Trump Should Widen — Not Heal — Breech Within GOP

Every time Mitt Romney attacks Donald Trump, the liberal media wrings its hands speculating on whether a rift is developing in the Republican Party that could sink its chances of winning in November. Media critics pile on Trump, urging him to trim his sails and return to the Eleventh Commandment, given to us by Ronald Reagan: “Thou shalt not speak ill of a fellow Republican.”

Dick Morris 3

But the fact is that the attacks by Romney and others not only do not harm Trump’s chances of winning. They enhance them. Rather than seek to heal the split, he should try to widen it.

A political leader is particularly credible when he speaks ill of members of his own party, particularly after the primary season has ended. While we treat as boilerplate criticism of Democrats by Republicans and visa versa, we take seriously derogatory comments about members of one’s own party (hence the media’s interest in intraparty criticism of Trump).
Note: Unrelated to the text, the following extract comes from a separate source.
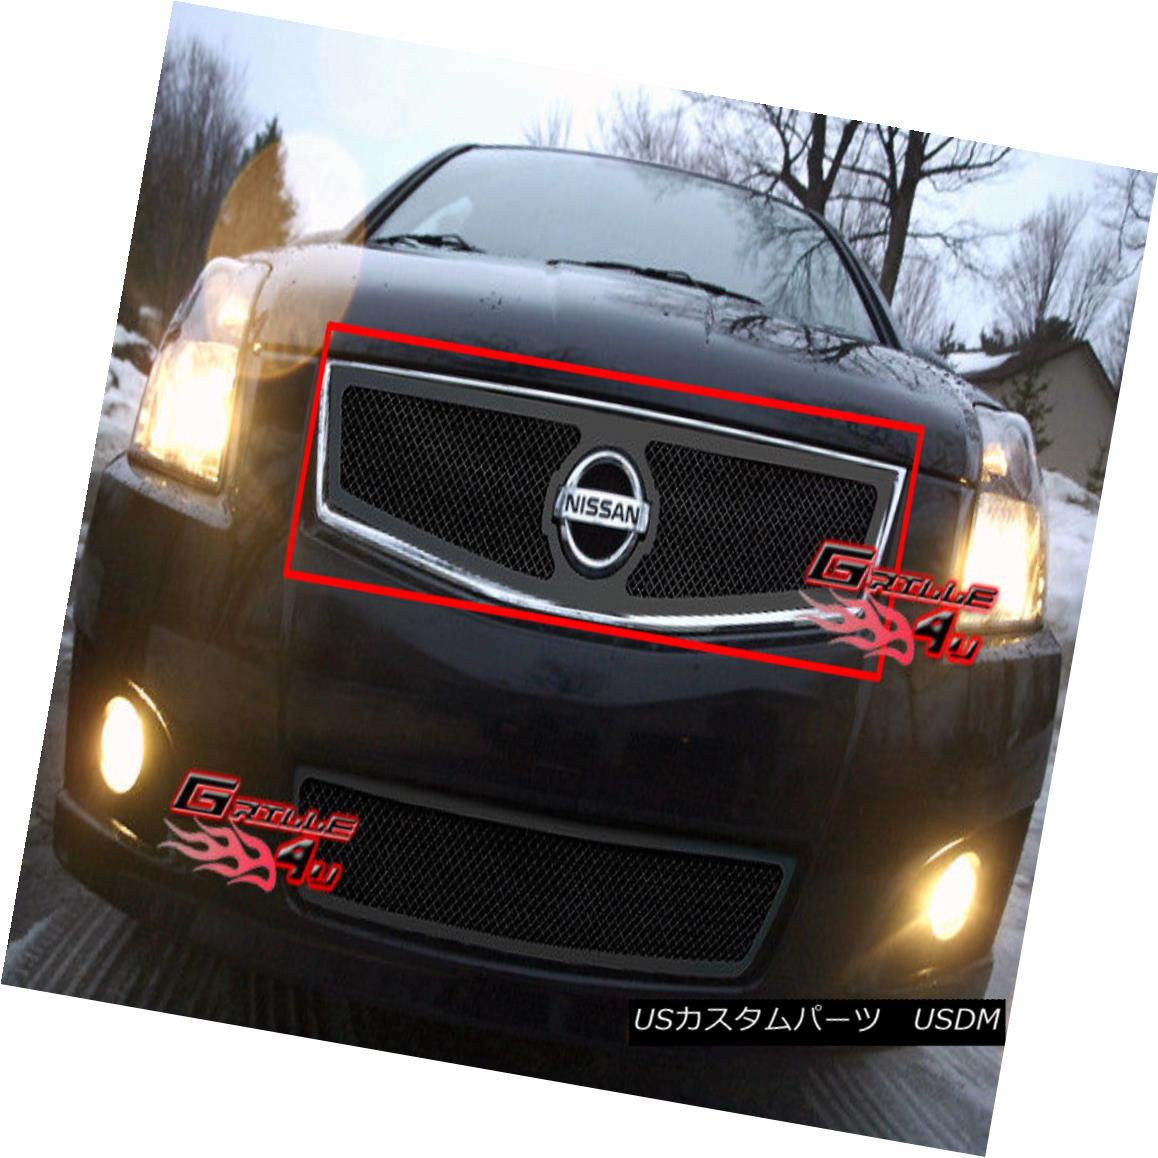 グリル For 07-10 Nissan Sentra Black Mesh Grille Insert 07-10 Nissan Sentra Black Mesh Grilleインサート用

If Trump can criticize the Romney wing of the party as elitist, out of touch, pro-Wall Street and insensitive to the problems of the average American, he can make empathetic common cause with millions of Independent and Democratic voters who have rejected the GOP for precisely these reasons. Nothing will resonate better with those who followed Senator Bernie Sanders in his criticism of policies that coddle the 1 percent than for Donald Trump to echo those criticisms.

Trump can propose a bold regulatory agenda to crack down on the big banks and might get little coverage or traction, but let him deliver an ad hominem attack on Romney on just those same grounds and it will be instant headline news. The media will wonder if Trump has lost his marbles in attacking a fellow Republican long after he has already wrapped up the nomination. They will wonder if his desire for revenge has overtaken his commonsense as he seems to throw party unity to the wind.

But there will be method in Trump’s madness. Each attack on Romney will serve to bring him closer to the Occupy Wall Street crowd. With Hillary Clinton’s slavish devotion to her Goldman Sachs masters and her Wall Street donors, Trump can uniquely inherit the mantle left by the Sanders candidacy.

He can attack Clinton all day long and most will shrug it off as just politics. But if he levels the same fire at Romney and his ilk, it will gain coverage and acquire credibility.

Indeed, Trump should take full advantage of his lock on the Republican nomination and use the preconvention period to take positions to the left of the party on cracking down on big Wall Street banks. The Party cannot leave him. It is legally bound. So he should stray from the Party to score points with Democrats and Independents.